# [SOLVED]Xorg nie działa z opcją "Low-latency desktop"

## Marcin90

Kiedy skompiluje kernel z opcją Low-latency desktop przestaje mi działać xorg. Mam jądro 2.6.32-gentoo-r7, nvidie i Xorga 1.7.6. Nie zmieniałem nic w systemie ani w konfiguracji jądra oprócz tej jednej opcji.

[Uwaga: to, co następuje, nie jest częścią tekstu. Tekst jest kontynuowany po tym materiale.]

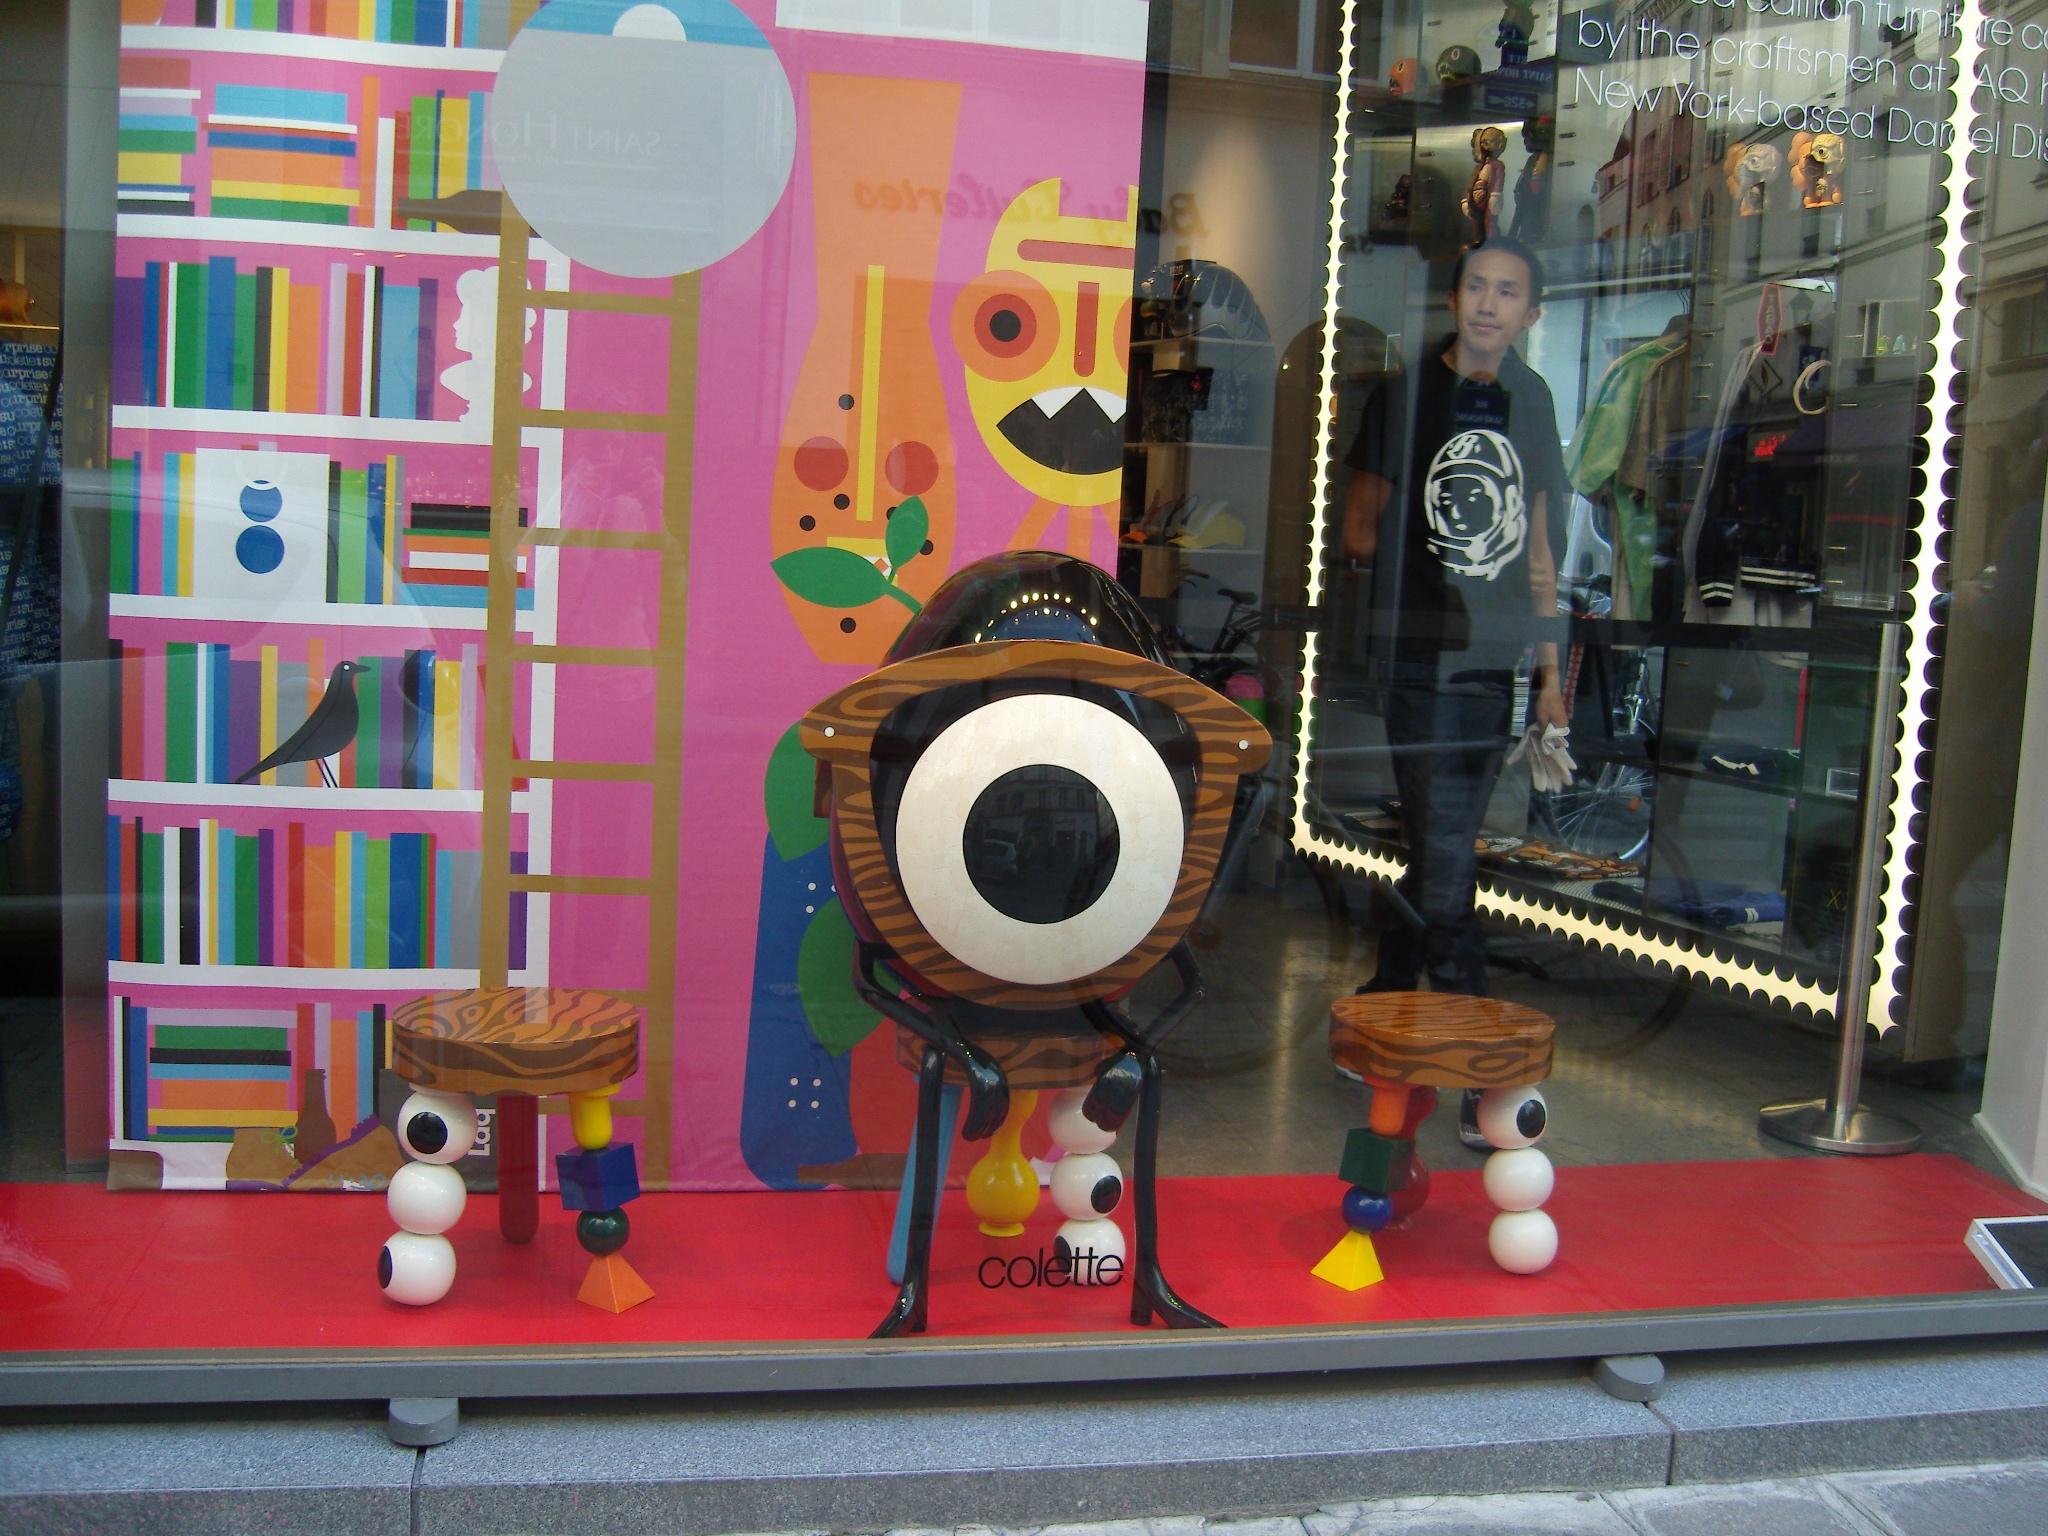 Window display at Colette in Paris. Photo by alphacityguides.

Log z XorgLast edited by Marcin90 on Wed Jun 30, 2010 8:13 pm; edited 1 time in total

----------

## c0oba

 *log wrote:*   

> (EE) NVIDIA: Failed to load the NVIDIA kernel module. Please check your
> 
> (EE) NVIDIA:     system's kernel log for additional error messages.

 Coś tam ciekawego jest?

----------

## SlashBeast

przebuduj sterownik nvidia gdyz jego modul juz nie pasuje do kernela z preemptem.

----------

## Marcin90

Dzięki teraz działa   :Very Happy: 

----------

## Marvell

witam,

mam podobny problem. kompilowałem nowe jajko 2.6.34, i pozmieniałem część konfiguracji (timer frequecy na 1000, preemption model zmieniłem z low-latency desktop na 'desktop'.

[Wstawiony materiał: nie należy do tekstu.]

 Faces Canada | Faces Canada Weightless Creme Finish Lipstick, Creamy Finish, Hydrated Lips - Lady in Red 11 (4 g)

od tej pory nie mogę wystartować iksów.

Juz przy instalacji nvidia-drivers mam gdzies komunitat:

"kerel cofiguration is invalid, run make oldconfig && make prepare to fix the problem" czy cos w ten deseń. zrobiłem to, przekompilowałem od nowa i dalej to samo. Ponowna instalacja sterowników nic nie daje.

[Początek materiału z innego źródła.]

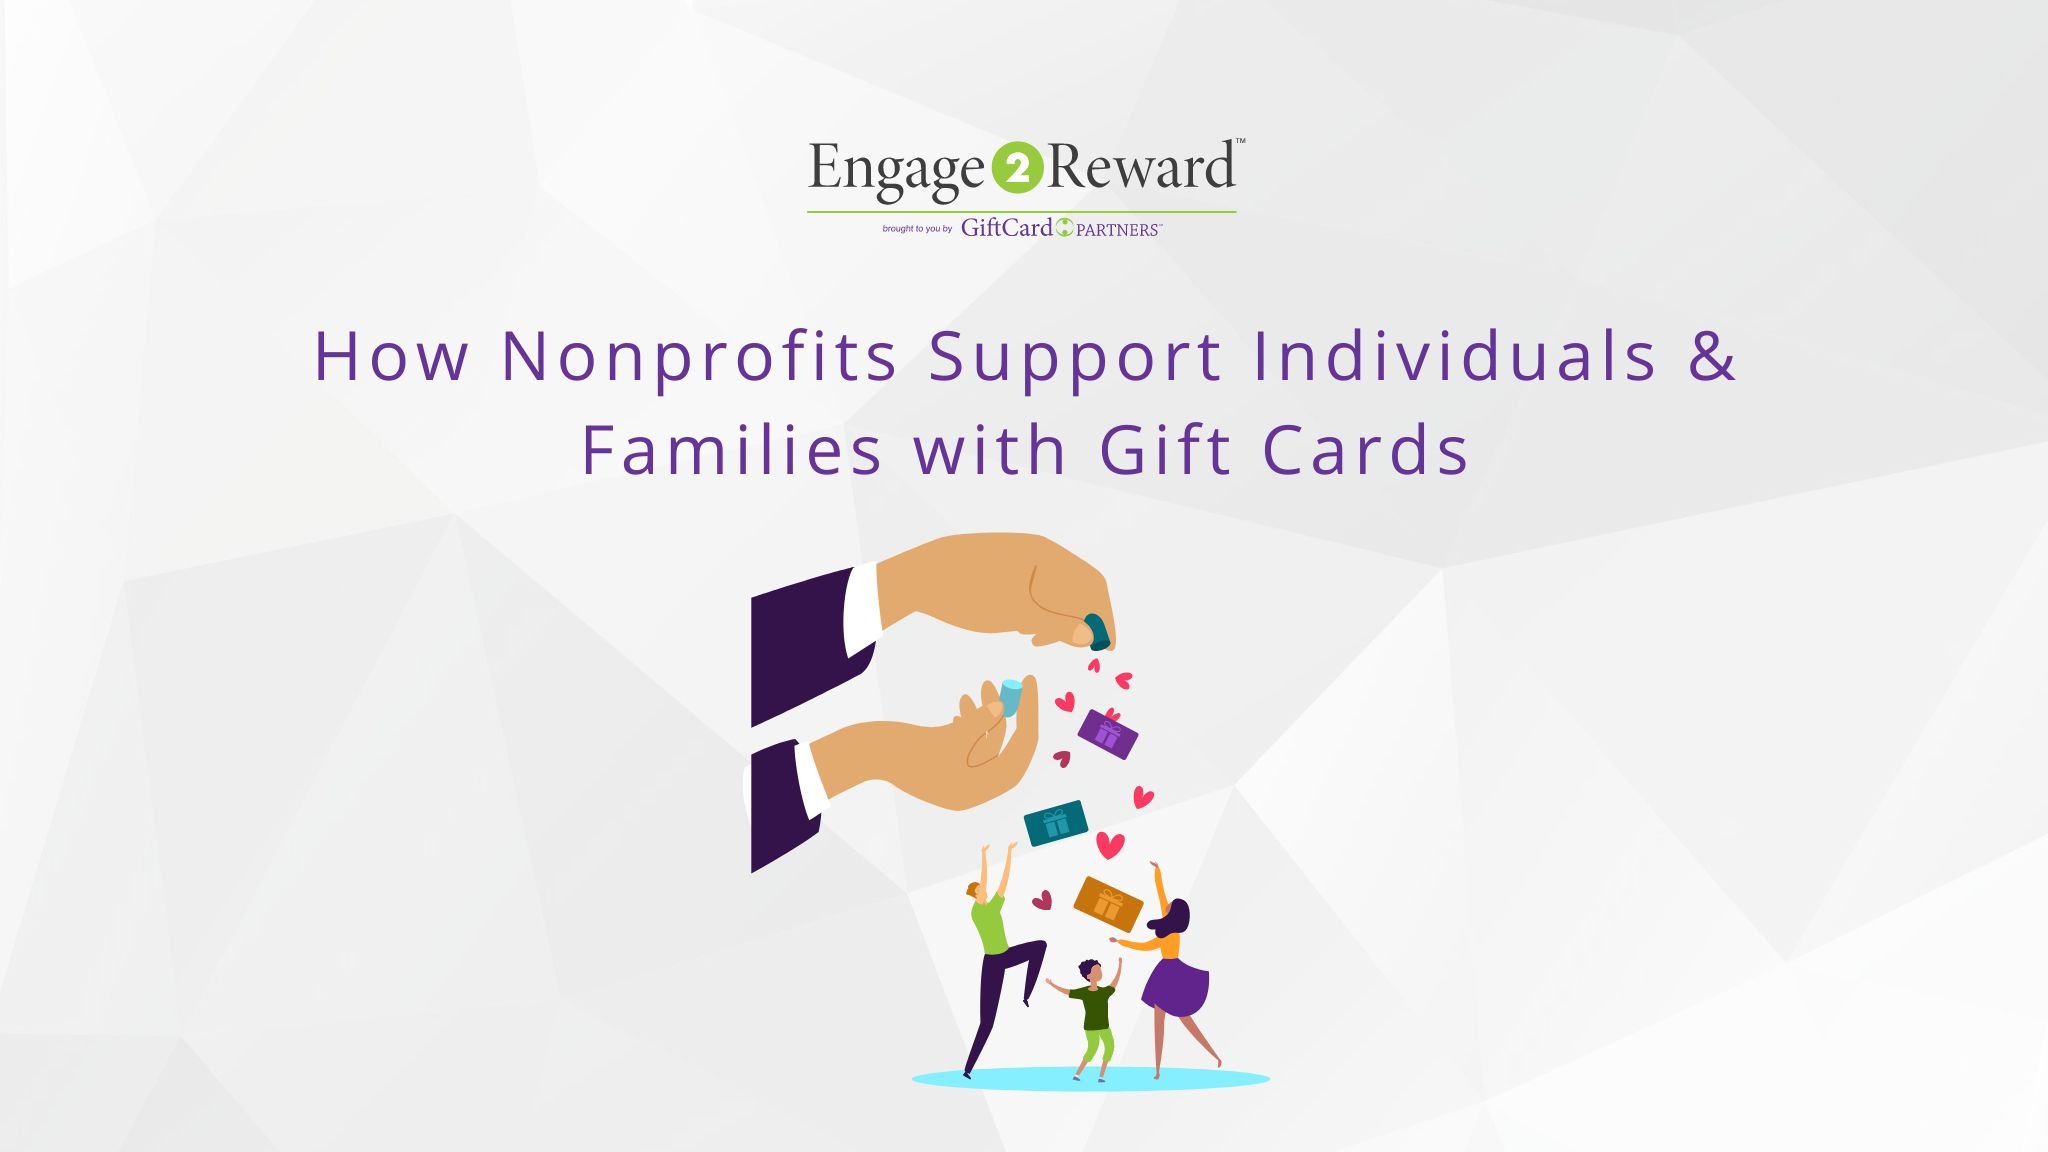 How Nonprofits Support Individuals & Families with Gift Cards

Przy próbbie odpalenia iksów mam te same błędy co kolega, ale to chyba teraz nie ma aż takiego znaczenia, bo skoro istalacja sterów nie kończy się całkowitym powodzeniem to nie ma prawa działac:).

Jakieś pomysły?

----------

## SlashBeast

masz zly symlink /usr/src/linux lub niekompletne/niezbudowane zrodla.

----------